DESCRIPTION OF THE TASK: Write the data out in full and word for word. Do not include images.

DATASET CONTENT:
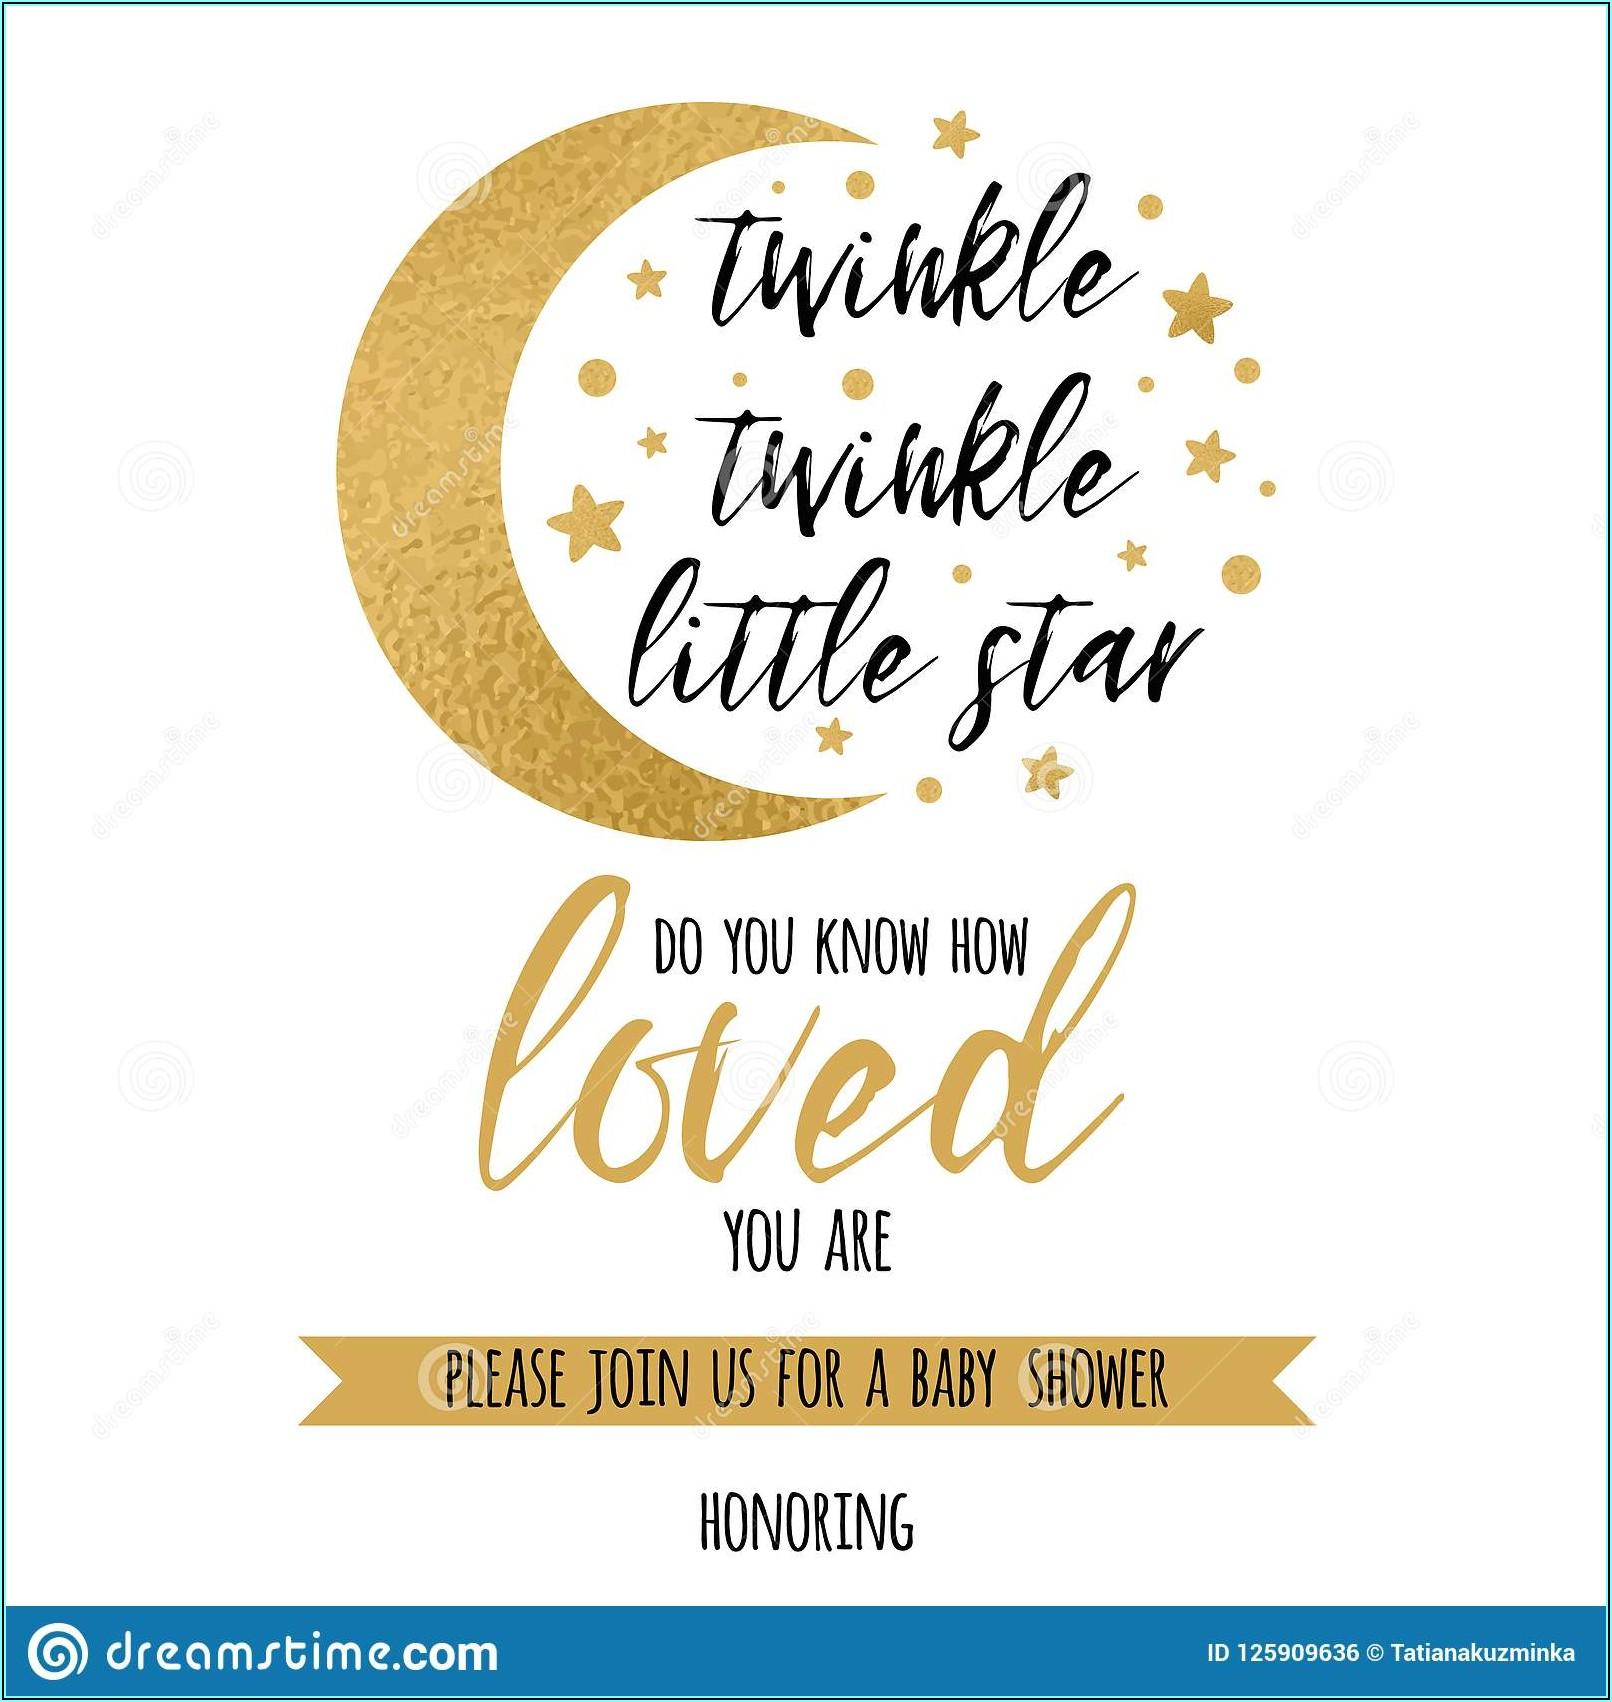 Twinkle Twinkle Little Star Gender Reveal Invitations Free Template
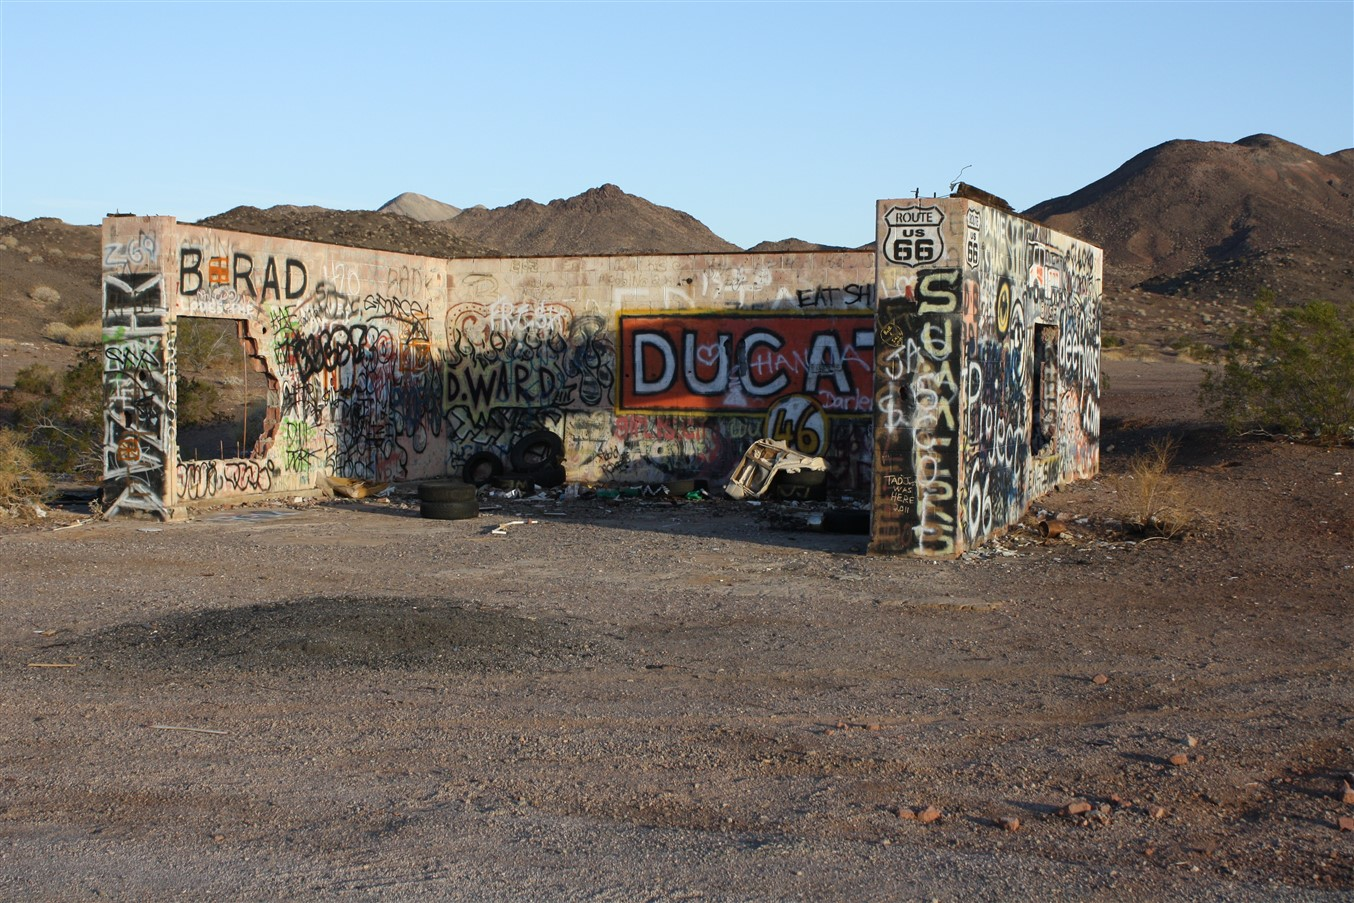 2012 03 14 Route 66 Road Trip 32 California Desert.jpg
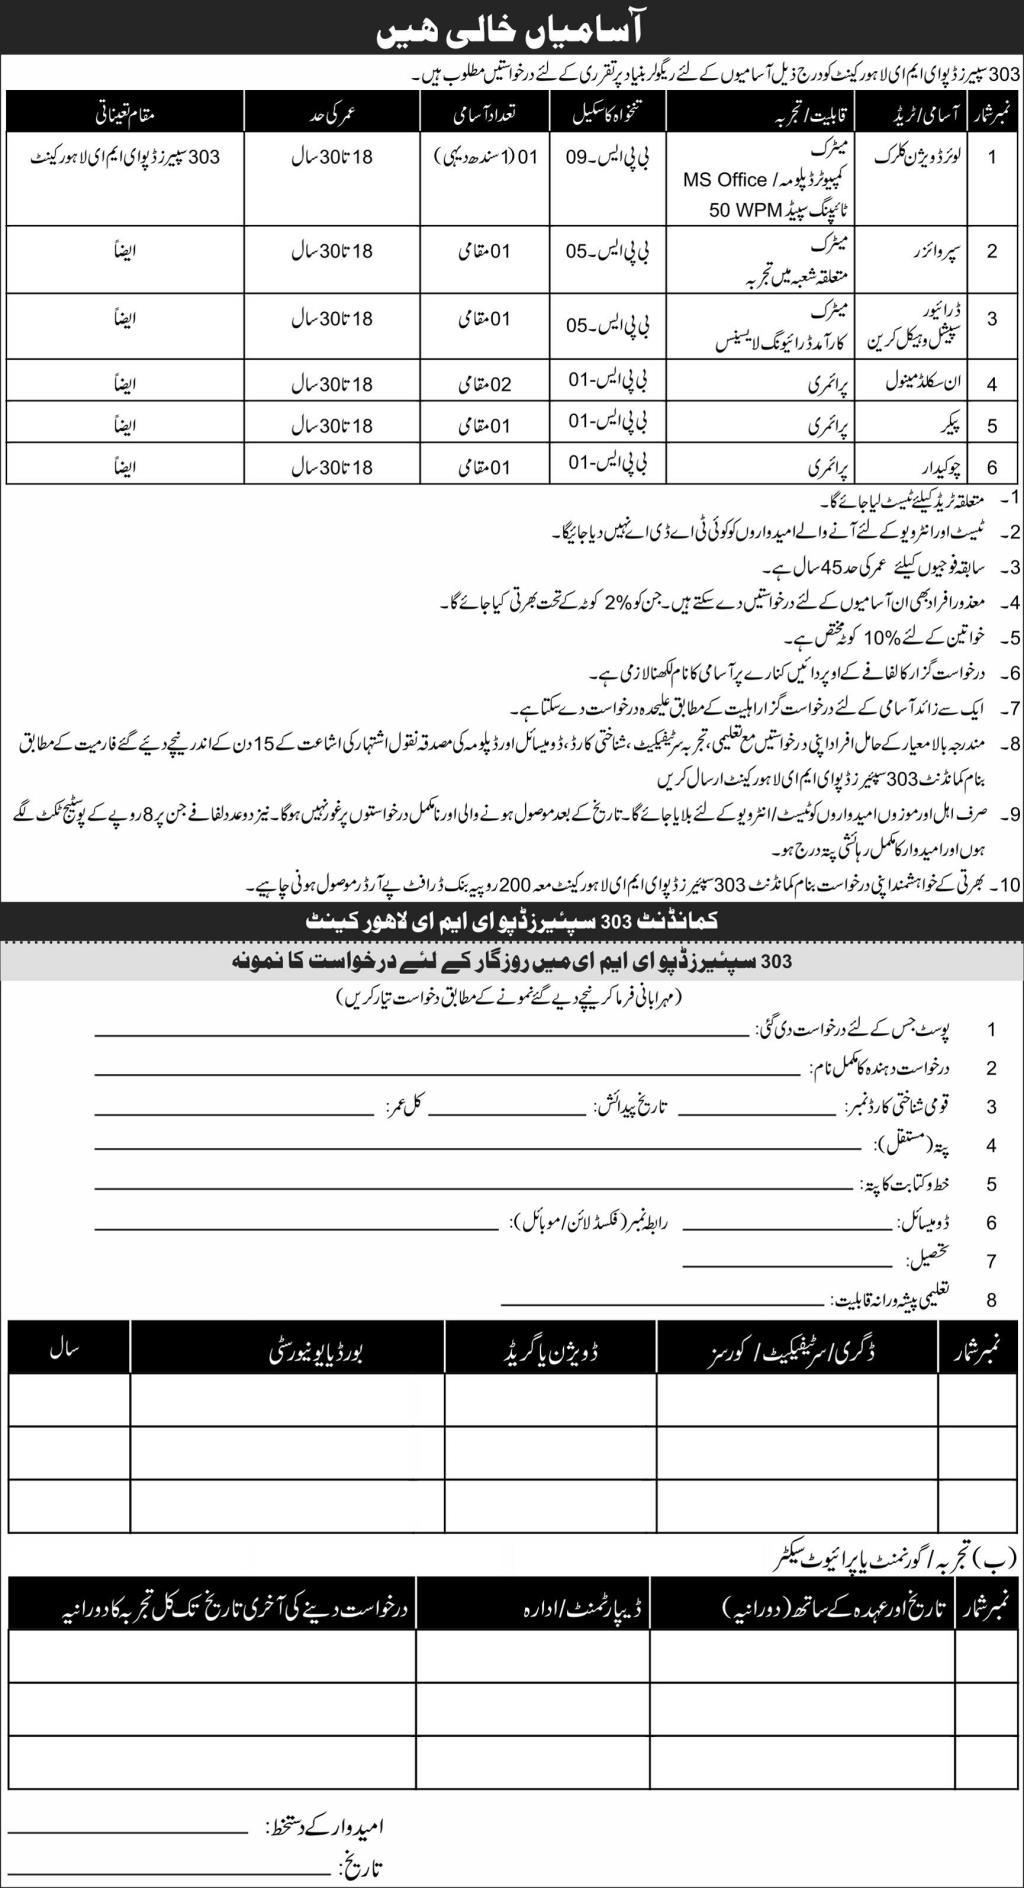 303 Spares Depot EME Lahore Cantt Job 2020

RESULT:
 Twinkle Twinkle Little Star Gender Reveal Invitations Free Template
 2012 03 14 Route 66 Road Trip 32 California Desert.jpg
 303 Spares Depot EME Lahore Cantt Job 2020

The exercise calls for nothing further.